In 2014, the Center for Investigative Reporting revealed how Dow lobbied for and won a loophole to allow California strawberry growers to double their annual use of Telone. As a result, more than a million Californians were exposed to higher concentrations of Telone than were previously considered safe, according to the Center. The same year, a state study found that chloropicrin in the air in Watsonville, a rapidly growing city in the heart of the California strawberry belt, exceeded the state's safety standard by 40 percent.

The organic alternative to fumigation combines the traditional tool of crop rotation, meant to control the buildup of pests and pathogens, with a new technology that’s akin to composting. Growers mix a carbon-rich material such as rice bran or molasses into topsoil, which is then saturated with water and covered with a plastic tarp. Under the tarp, the organic slurry gives off natural byproducts that are toxic to pathogens.

This method works as effectively as fumigation, with growers who use it reporting almost no loss in crop yield. It’s also more expensive, driving up the cost of organic strawberries – which are more than $4 a pound in the store, compared to about $2.50 a pound for the conventional variety. Organic strawberries represent less than 10 percent of the market nationwide, but their share is growing rapidly. As more growers turn away from pesticides and fumigants, the price of organic produce is expected to drop.

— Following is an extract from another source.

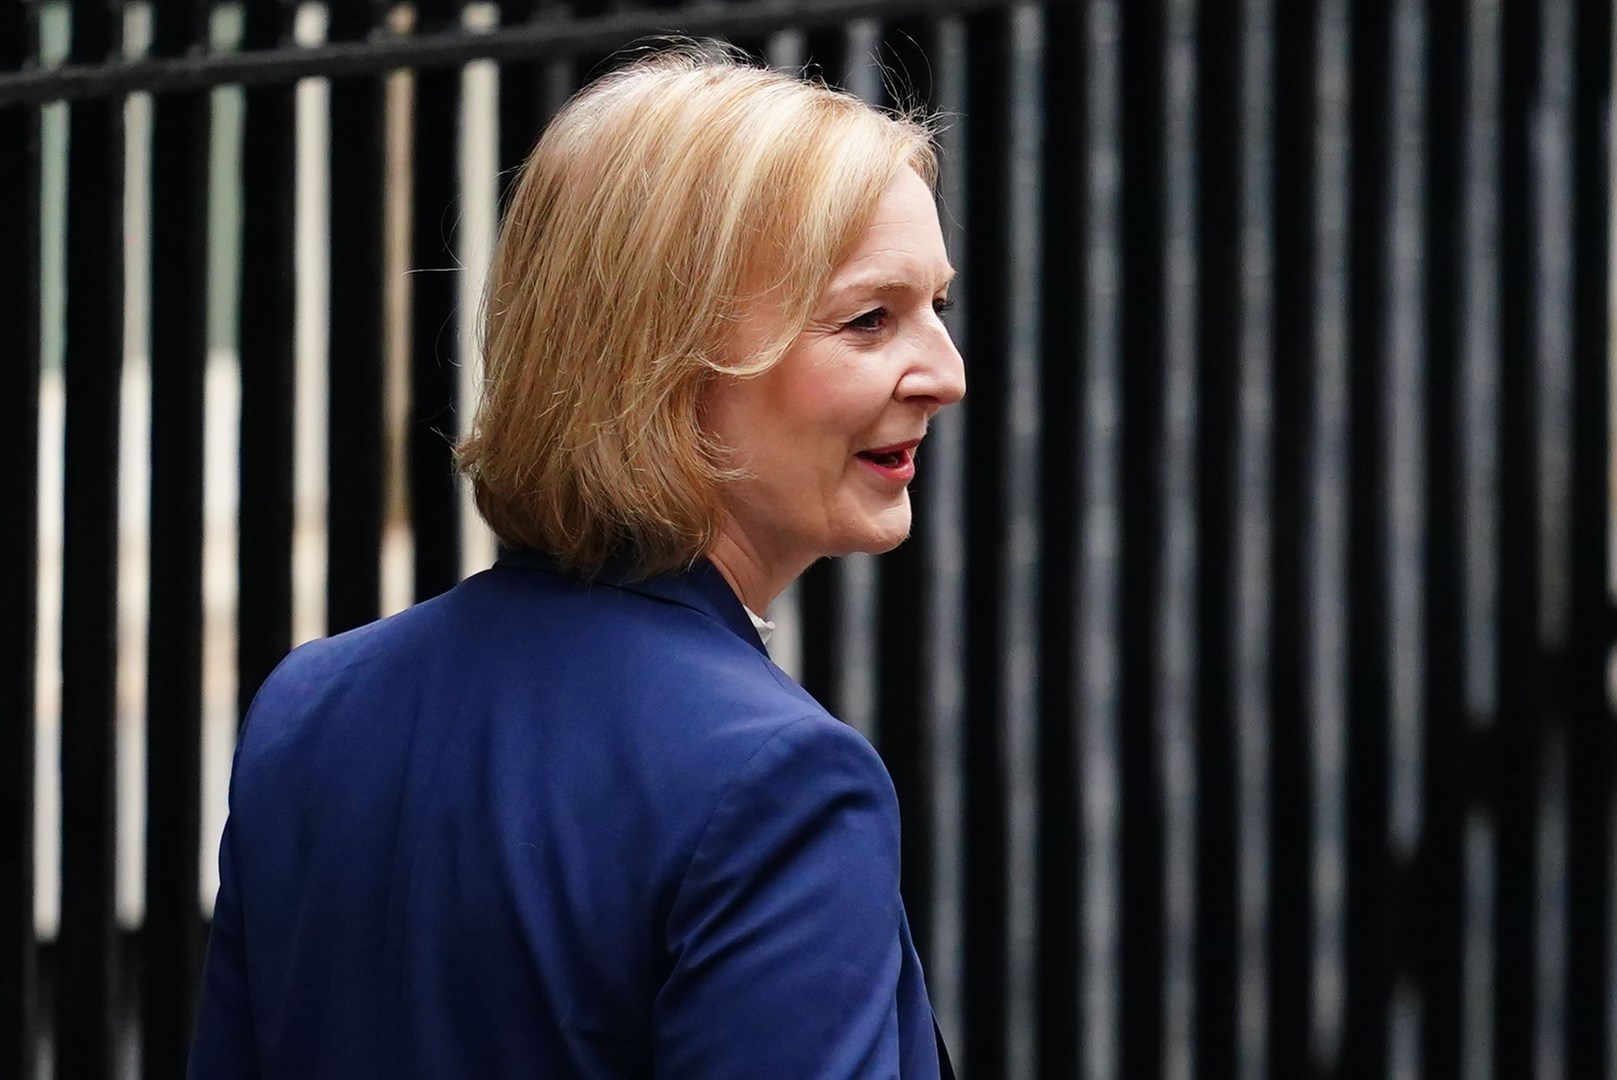 Liz Truss departs 10 Downing Street to attend her first Prime Minister’s Questions (Victoria Jones/PA)

For those of us who don’t want to eat pesticide residues and who want to stop fumigants from endangering farmworkers and neighbors of farms, buying organic is a small price to pay. The transformation of strawberries from an occasional treat to a cheap and abundant supermarket staple should serve as cautionary tale about the consequences of chemically driven industrial agriculture.

This article was adapted and updated from the 2017 Shopper's Guide to Pesticides in Produce™.